Назавтра после лекций я пошел бродить по улицам. Мне не хотелось встречаться с Акселем, и я ушел из университета, не поговорив с ним. Что, безусловно, должно было его удивить. Я избегал всех мест, где обычно встречались студенты. И старался, чтобы Круглая башня — главная примета студенческого района — не попадалась мне на глаза.

Потом я набрался храбрости и в трактире «Старый берег» сочинил Анне письмо. Но как ей его передать, не знал.

Сперва я прошелся по Королевскому парку, стараясь убедить себя, будто просто гуляю. Потом направился к дому Анны.

Мне открыла та же горничная, которая встретила нас, когда мы обедали у профессора. Она сделала реверанс, узнала меня и очень удивилась. На мне не было ни пальто, ни шляпы, и я выглядел как самый обыкновенный студент.

— Вы подождете? — спросила она.

Я кивнул. Она оставила наружную дверь открытой и ушла с моим письмом. Я сел на каменные ступени и настороженно прислушивался, чтобы быстро вскочить и встать по стойке «смирно», если кто-нибудь выйдет из квартиры. Кого именно я ждал, горничную или Анну, не знаю.

Когда в дверях появилась Анна, я понял, что не ожидал этого. Покраснев как рак, я встретил ее взгляд.

— Добрый день! — В ее голосе звучало удивление. Заикаясь, я начал излагать ей содержание своего письма.

— Я сейчас иду на урок музыки. Может, ты проводишь меня? Это недалеко. — Она тревожно оглянулась через плечо, словно опасалась, что кто-нибудь остановит ее. Потом прибавила:

— Иди вперед и жди меня в Королевском парке!

Она назвала место, где мы должны были встретиться, но я не расслышал, потому что сердце стучало у меня в ушах. Анна исчезла.

Пошатываясь, я спустился по ступеням и вышел на улицу. Теперь я знал, что запреты для меня не существуют. Она осмелилась встретиться со мной наедине, никому не сообщив об этом!

В парк я не пошел. Стоял у входа, чтобы не пропустить ее. Ждал, спрятавшись за деревьями. Дыхание и сердце не слушались меня. Я презирал себя за это, но ничего не мог с собой поделать.
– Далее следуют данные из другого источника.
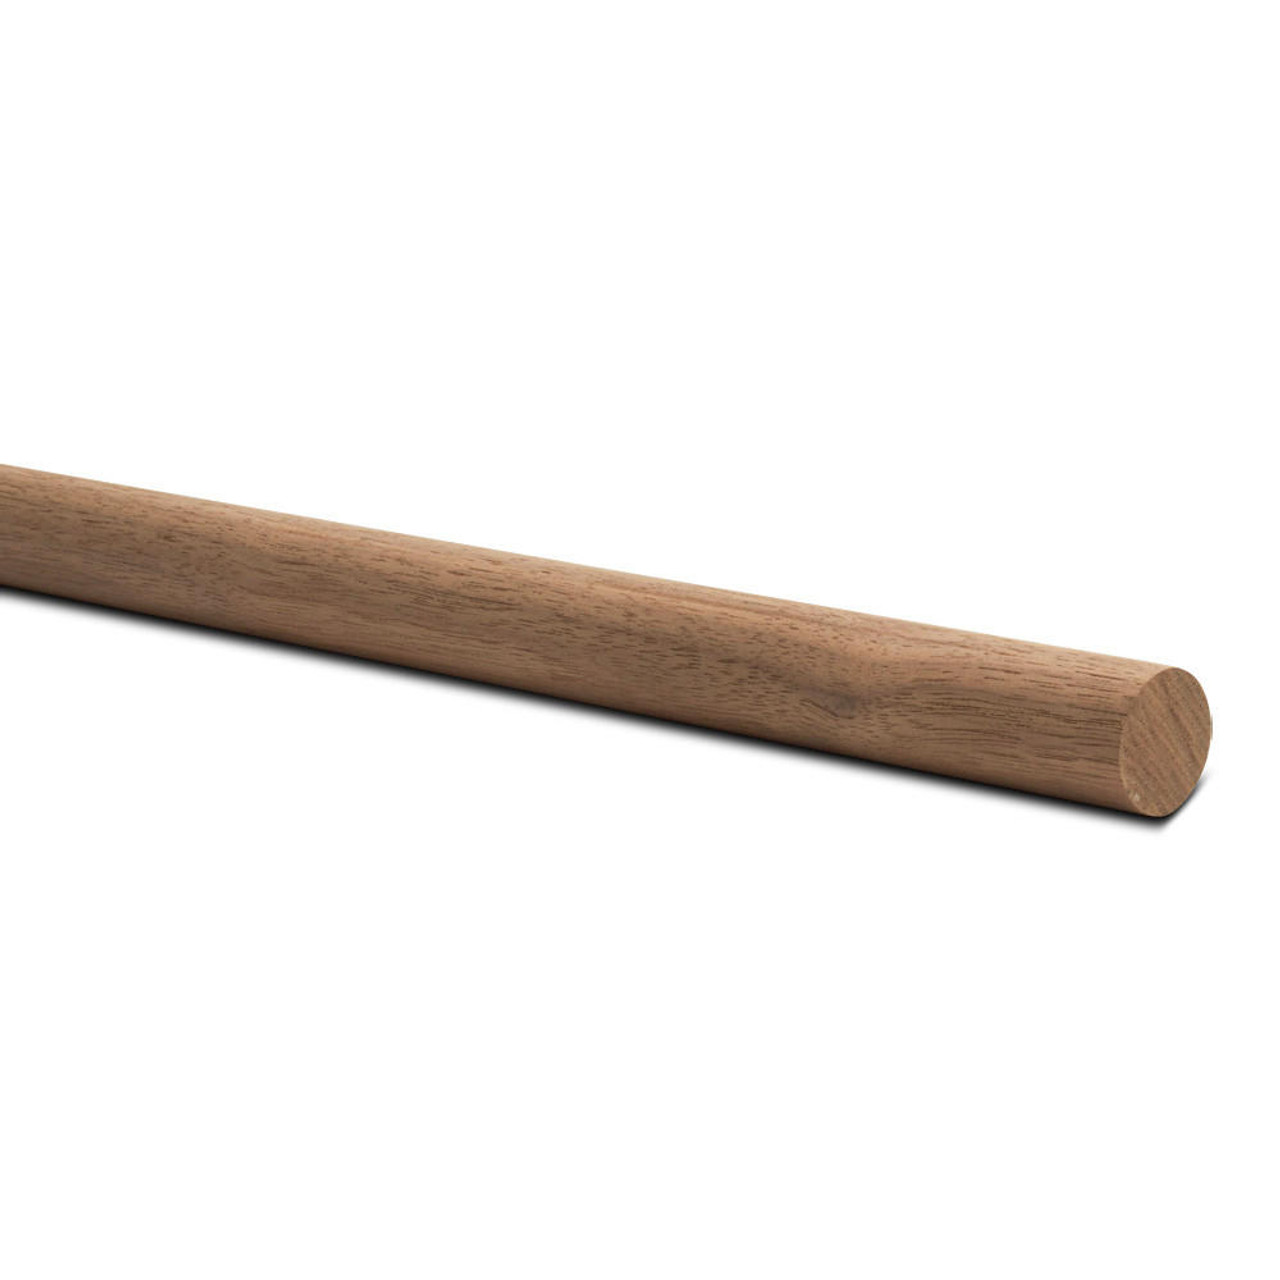 Wooden Dowel Rods - 6 inch Dowel Rod 1/4-3/16-1/8 Indonesia

Вскоре я увидел Анну. Черная фигура в развевающемся недлинном пальто. Юбки ее колыхались на плитах тротуара. Стук каблучков звучал как фанфары. «Идет Анна!» — возвещали они.

Вблизи свет совершенно преобразил ее. Она словно сбросила с себя темную шкуру и превратилась в видение, закутанное в легкую желтую ткань. Под кронами деревьев солнце творило чудеса.

Мне хотелось прижать ее к груди. Мои руки пытались освободиться от меня и слушаться только себя. Но я знал, что она не Карна. Не Сесиль. И не Ханна. Она — профессорская дочка, хоть и согласилась встретиться со мной наедине. Не знаю, помнил ли я о том, что она к тому же принадлежит Акселю.

Когда она вошла в тень, по ее лицу скользнула улыбка.

— У меня всего полчаса. Я ведь и в самом деле иду на урок музыки, — сказала она.

Как будто я сомневался в этом!

— Давай пойдем по этой тропинке. Там есть скамья, — предложила она.

Я до сих пор не произнес ни слова. Только кивнул и пошел следом за ней.

— Ну что, прочитал «Пера Гюнта»? Тебе, наверное, кажется, что это написано про тебя? — спросила она через плечо.

Я не сразу вспомнил, что именно об этом написал ей в своем письме. Шутит она? Или говорит серьезно?

— Наверное, это потому, что мы оба покинули родину, — проговорил я и остановился.

— Я так и знала! — воскликнула она. — Знала, что тебе понравится! Скольким людям Пер изменил! Сколько испытаний не выдержал!

И тем не менее она застала меня врасплох, когда спросила без обиняков:

— А ты изменял кому-нибудь?

— Как сказать… — Я попытался уклониться от ответа.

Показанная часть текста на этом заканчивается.